Masjid yang sesungguhnya, niscaya akan memberikan ketenangan bagi orang yang beraktivitas di dalamnya. Saat membaca al-Quran, didapatinya ajaran kebaikan. Ketika mendengarkan tausyiah, ada keinginan untuk memperbaiki sikap dan perilaku. Takkala mengikuti halaqah, yang diserap adalah kebajikan dalam beragama. Hal ini sesuai dengan firman Allah, “Tidaklah berkumpul sekelompok orang di salah satu rumah Allah. Mereka membaca al-Quran dan saling mempelajarinya diantara mereka, melainkan turun ketenangan atas mereka. Mereka akan diliputi rahmat, dan para malaikat hadir menegelilingi mereka serta Allah menyebut nama mereka di hadapan para malaikat yang berada di sisi-Nya (HR. Muslim).

Urgensi masjid untuk menyebarkan Islam yang damai perlu kembali digalakkan. Sebab kini, ada kecenderungan masjid disalahgunakan untuk kepentingan segelintir pihak. Akibatnya, masjid bukan menjadi tempat bersatunya masyarakat. Secara perlahan, masjid pun akan menjadi eksklusif. Sebab hanya kelompok dengan kepentingan yang sama saja yang merasa nyaman mengunjunginya. Sementara pihak lain dengan pandangan berbeda, akan tidak sreg dengan masjid tersebut. Kondisi ini tidak boleh dibiarkan. Masjid harus mampu merangkul beragam kepentingan jamaahnya. Pengurusnya tidak boleh bersikap partisan dan memiliki kecenderungan kepentingan tertentu. Apalagi anti dengan perbedaan.

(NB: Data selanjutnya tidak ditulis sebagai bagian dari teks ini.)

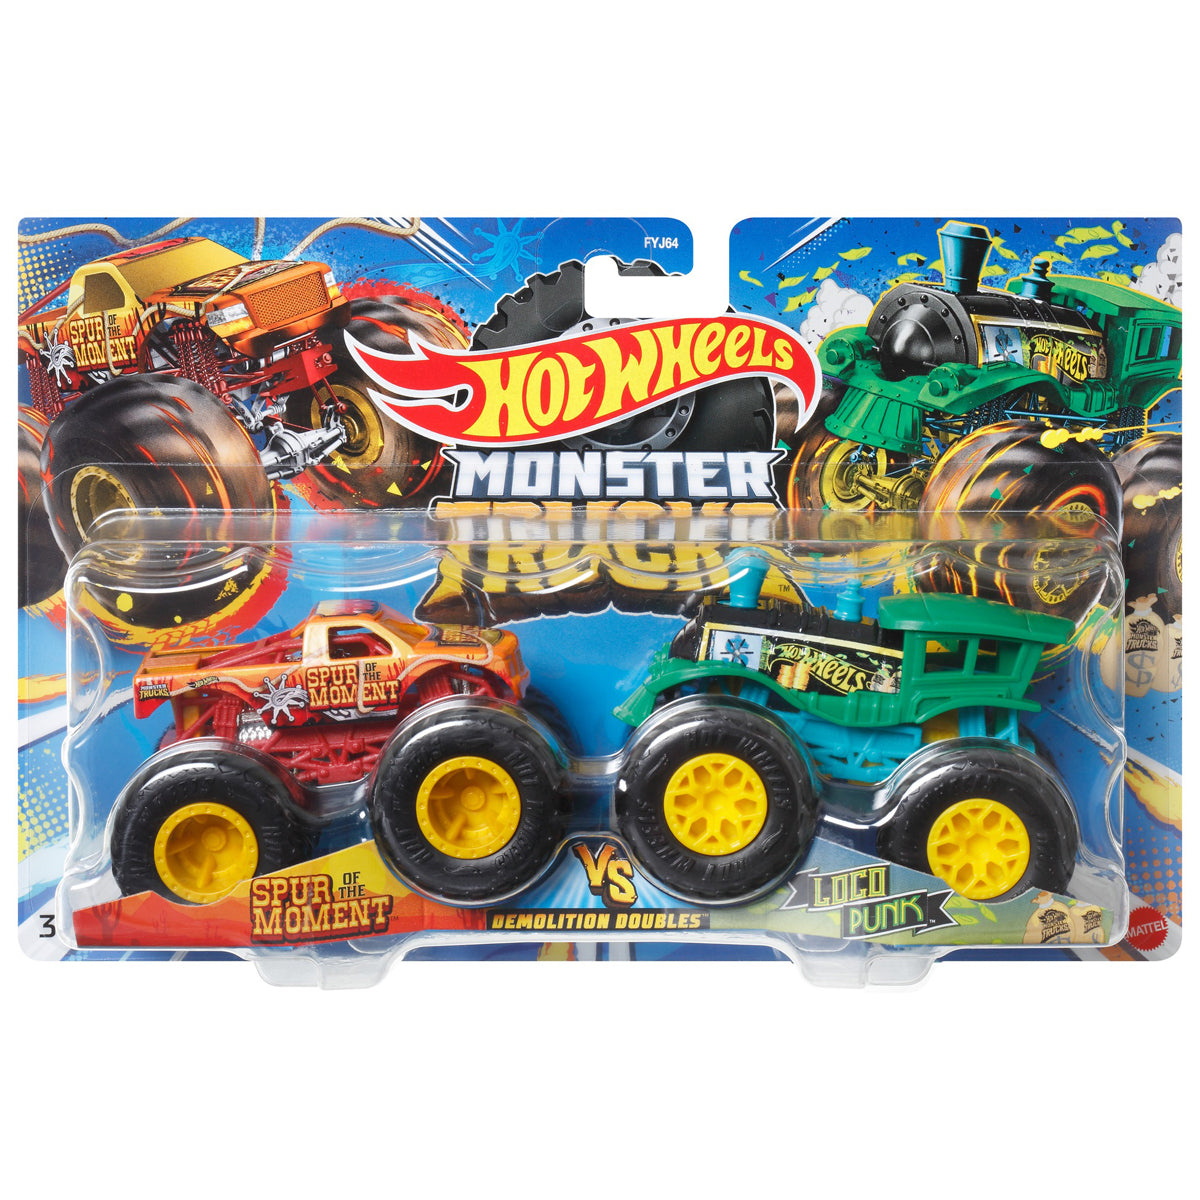 Hot Wheels Monster Trucks Demolition Doubles Spur Of The Moment VS Loco Punk

Untuk menjaga masjid tetap sesuai dengan fungsinya, ada beberapa hal yang bisa dilakukan. Pertama, pengurus masjid (takmir) perlu mengetahui tentang keberagaman jamaahnya. Bahwa masyarakat memiliki pandangan yang berbeda-beda. Termasuk pandangan politik. Maka takmir tidak boleh memiliki kecenderungan terhadap politik tertentu. Apalagi jika mengkampanyekan pilihan politik. Sikap netral adalah sikap yang harus ditunjukan pengelola masjid. Kedua, pengelola masjid harus selektif dalam mengundang penceramah/pembicara. Apalagi jika materi yang disampaikan mengandung ajaran-ajaran negatif (seperti legitimasi melakukan kekerasan, mengingkari pluralitas, dsb). Masih banyak penceramah yang baik dan memberikan inspirasi bagi umat. Mereka inilah yang perlu diberi ruang untuk memberikan materi. Dengan hal inilah, kita berharap masjid menjadi simpul persatuan. Masyarakat pun menjadi nyaman beribadah di masjid karena menyebarkan kesejukan.